BERT — Bidirectional Encoder Representations from Transformer

State-of-the-art Language Model for NLP

Why BERT?

Why we Moving on to BERT,

  • One of the biggest challenges in the Language Model is the lack of training data. Because NLP is a diversified field with many distinct tasks, most task-specific datasets contain only a few thousand or a few hundred thousand human-labeled training examples.
  • Language models could only read text input sequentially — either left-to-right or right-to-left — but couldn’t do both at the same time. BERT is different because it is designed to read in both directions at once. This capability, enabled by the introduction of Transformers, is known as bi-directionality.

BERT Model Architecture

BERT is released in two versions of the pre-trained model, which is trained on a huge dataset.

Model Input/Output Representation

The input of the model is unambiguously represented in a single sentence and a pair of sentences (eg: Question and Answer)in one token sequence.

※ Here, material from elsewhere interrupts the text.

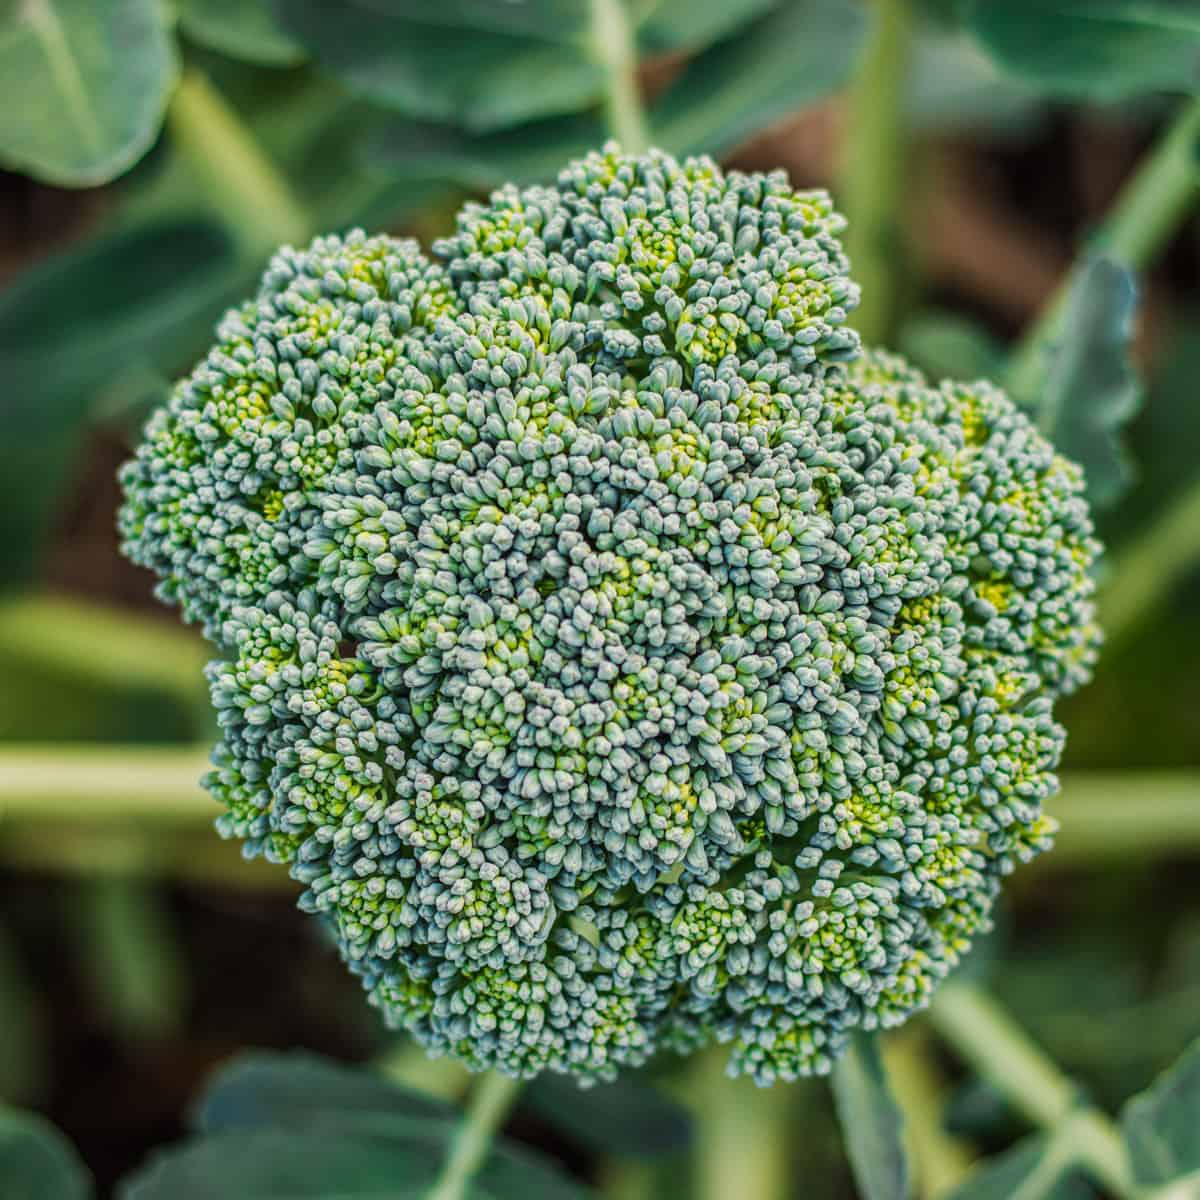 Broccoli companion plants
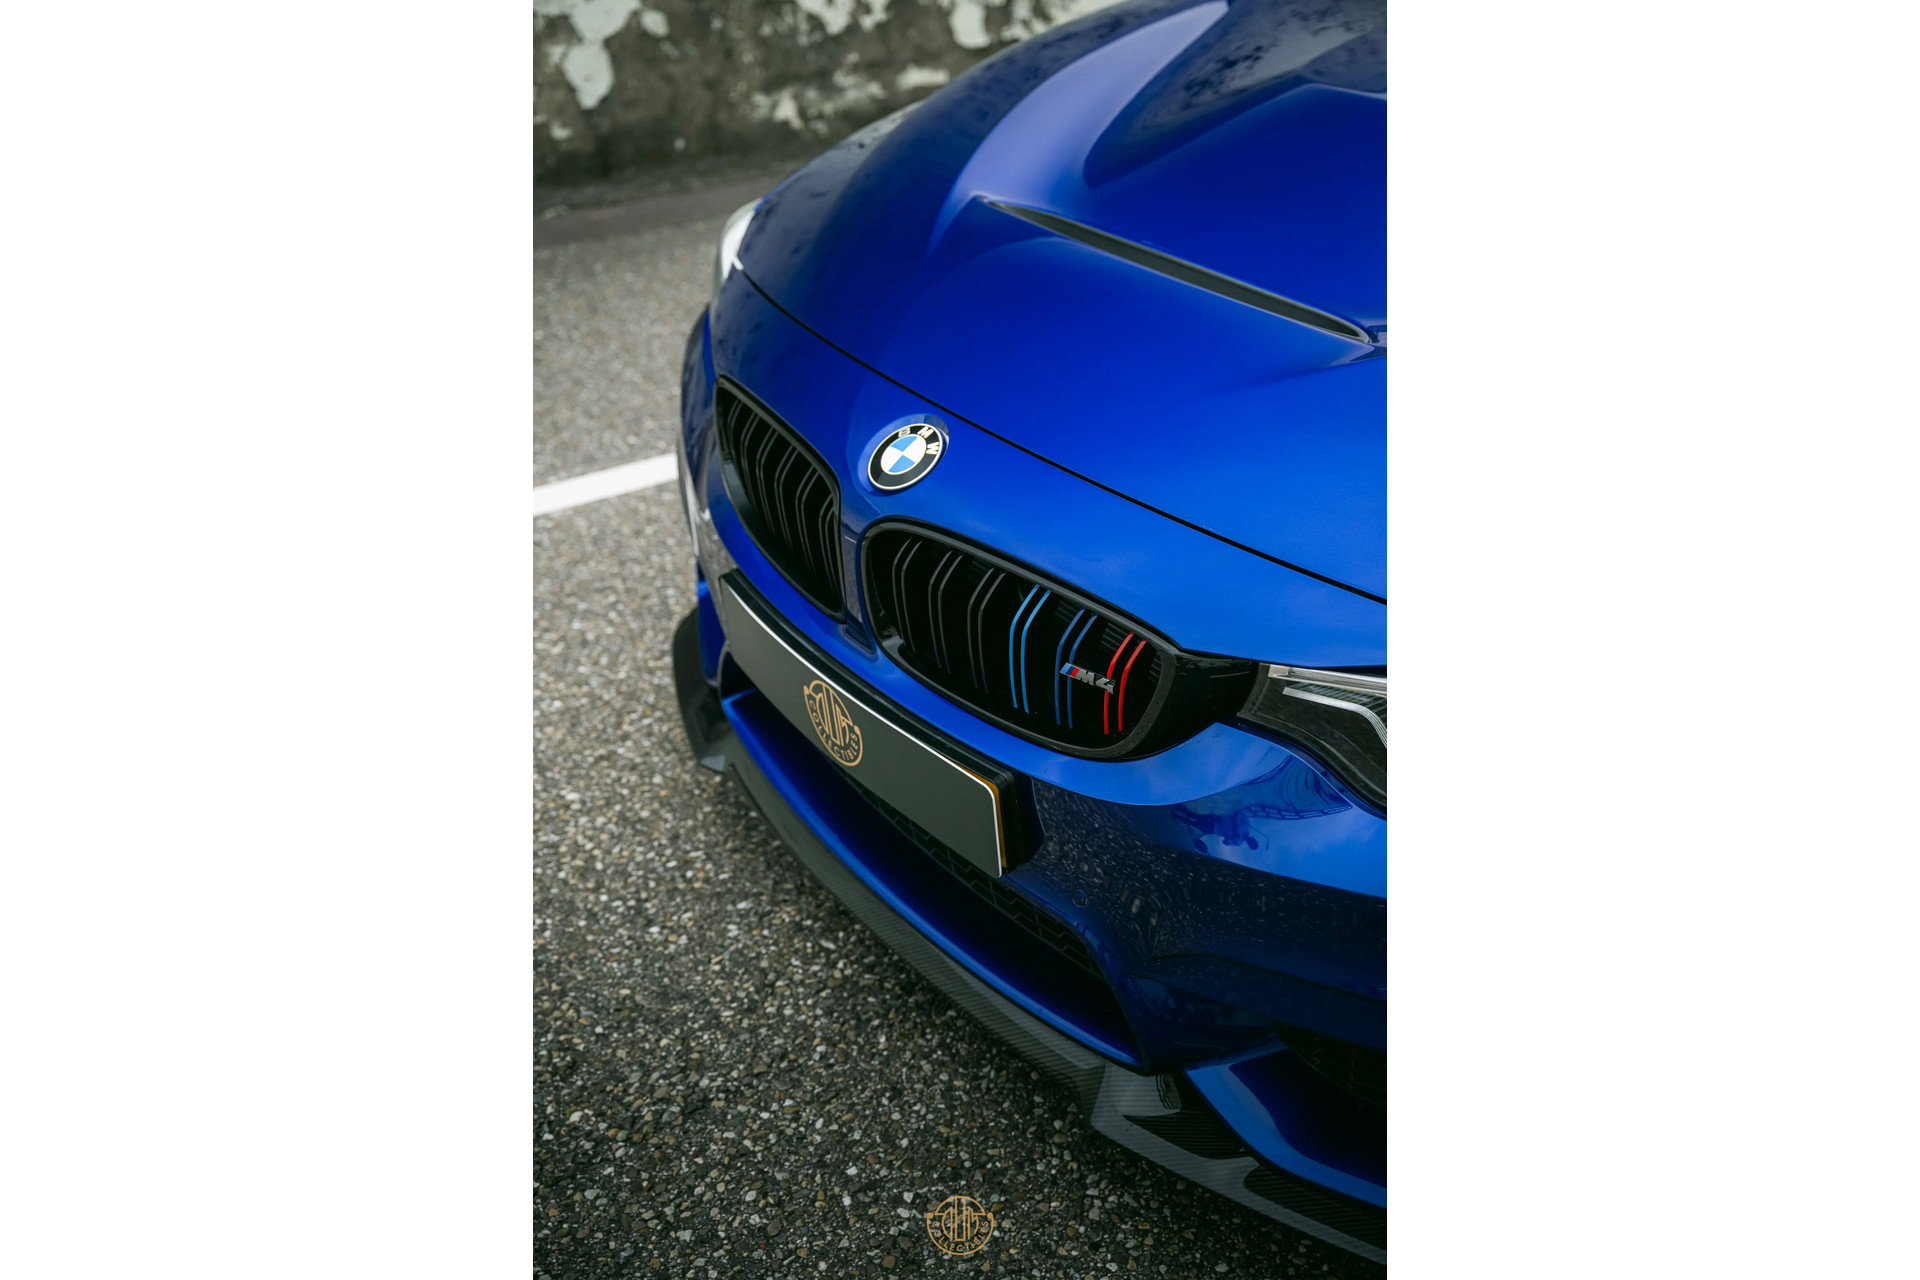 BMW 4 Serie Coupé M4 CS 2017 San marino blau metallic 32

  1. The first token of every sequence of input is always a[CLS], which means the classification token.
  2. The final hidden state corresponding to this token is used as the aggregate sequence representation for classification tasks.
  3. If the Sentence pairs are packed together into a single sequence, they will differentiate the sentence in two ways. First, using [SEP] token. Second, add a learned embedding to every token indicating whether it belongs to sentence A or sentence B.
Input embedding as E, the final hidden vector of the special [CLS] token

How does BERT work?

The new model features an important improvement when it comes to context understanding. Especially with certain texts which are “context-heavy,” for which context understanding is so important for analytics purposes, BERT is a great solution.

  1. You were right.
  2. Make a right turn at the light.
  1. My favorite flower is a rose.
  2. He quickly rose from his seat.
  1. MLM (Masked Language Modeling)
  2. Next Sentence Prediction (NSP)

MLM (Masked Language Modeling)

Usually, Language Model can only be trained in one specific direction. BERT can handle this issue with MLM.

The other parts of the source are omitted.